After our visits to the mosque and the bridge and the museum there remained nothing of our forenoon, and we gave the whole of the earlier afternoon to an excursion which strangers are expected to make into the first climb of hills to the eastward of the city. The road which reaches the Huerto de los Arcos is rather smoother for driving than the streets of Cordova, but the rain had made it heavy, and we were glad of our good horses and their owner's mercy to them. He stopped so often to breathe them when the ascent began that we had abundant time to note the features of the wayside; the many villas, piously named for saints, set on the incline, and orcharded about with orange trees, in the beginning of that measureless forest of olives which has no limit but the horizon.

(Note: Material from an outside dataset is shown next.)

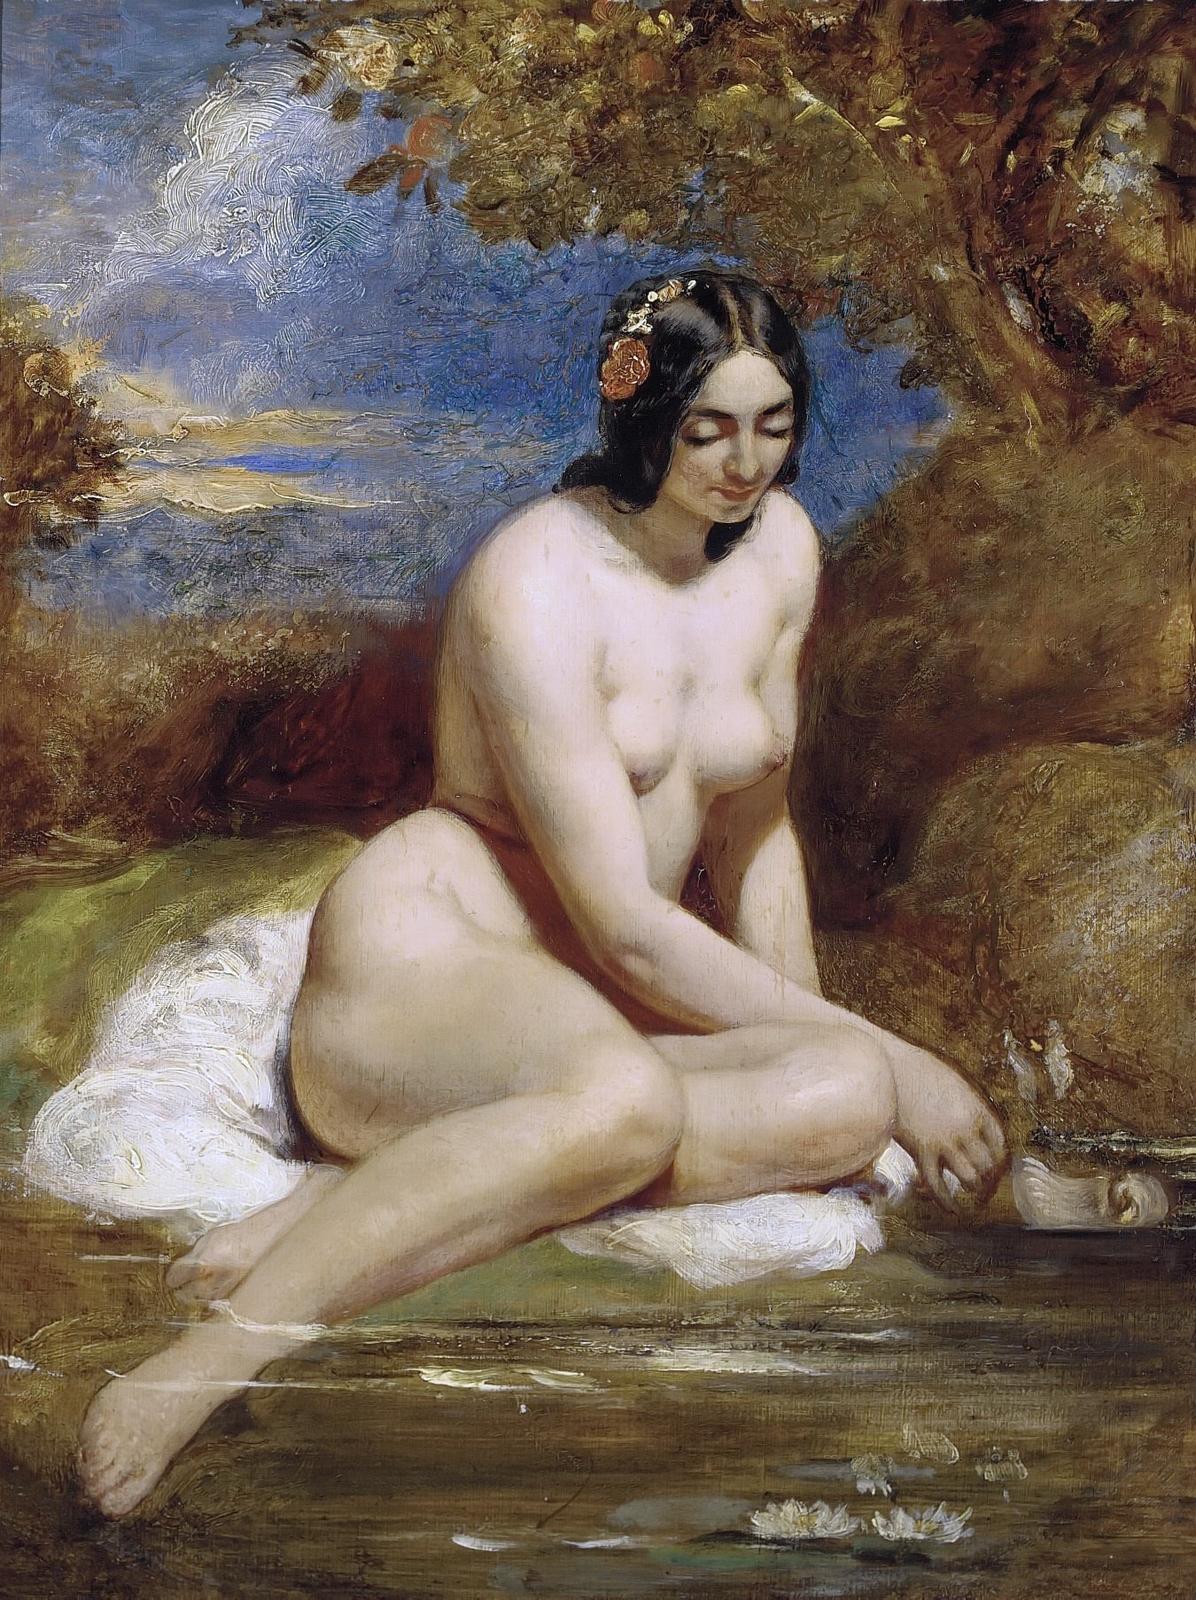 Уильям Этти. Купальщица (The Bather). 60 x 45. Частное собрание.

From the gate to the villa which we had come to see it was a stiff ascent by terraced beds of roses, zinneas, and purple salvia beside walls heavy with jasmine and trumpet creepers, in full bloom, and orange trees, fruiting and flowering in their desultory way. Before the villa we were to see a fountain much favored by our guide who had a passion for the jets that played ball with themselves as long as the gardener let him turn the water on, and watched with joy to see how high the balls would go before slipping back. The fountain was in a grotto-like nook, where benches of cement decked with scallop shells were set round a basin with the figures of two small boys in it bestriding that of a lamb, all employed in letting the water dribble from their mouths. It was very simple-hearted, as such things seem mostly obliged to be, but nature helped art out so well with a lovely abundance of leaf and petal that a far more exacting taste than ours must have been satisfied. The garden was in fact very pretty, though whether it was worth fifteen pesetas and three hours coming to see the reader must decide for himself when he does it. I think it was, myself, and I would like to be there now, sitting in a shell-covered cement chair at the villa steps, and letting the landscape unroll itself wonderfully before me. We were on a shore of that ocean of olives which in southern Spain washes far up the mountain walls of the blue and bluer distances, and which we were to skirt more and more in bay and inlet and widening and narrowing expanses throughout Andalusia. Before we left it we wearied utterly of it, and in fact the olive of Spain is not the sympathetic olive of Italy, though I should think it a much more practical and profitable tree. It is not planted so much at haphazard as the Italian olive seems to be; its mass looks less like an old apple orchard than the Italian; its regular succession is a march of trim files as far as the horizon or the hillsides, which they often climbed to the top. We were in the season of the olive harvest, and throughout the month of October its nearer lines showed the sturdy trees weighed down by the dense fruit, sometimes very small, sometimes as large as pigeon eggs. There were vineyards and wheat-fields in that vast prospect, and certainly there were towns and villages; but what remains with me is the sense of olives and ever more olives, though this may be the cumulative effect of other such prospects as vast and as monotonous.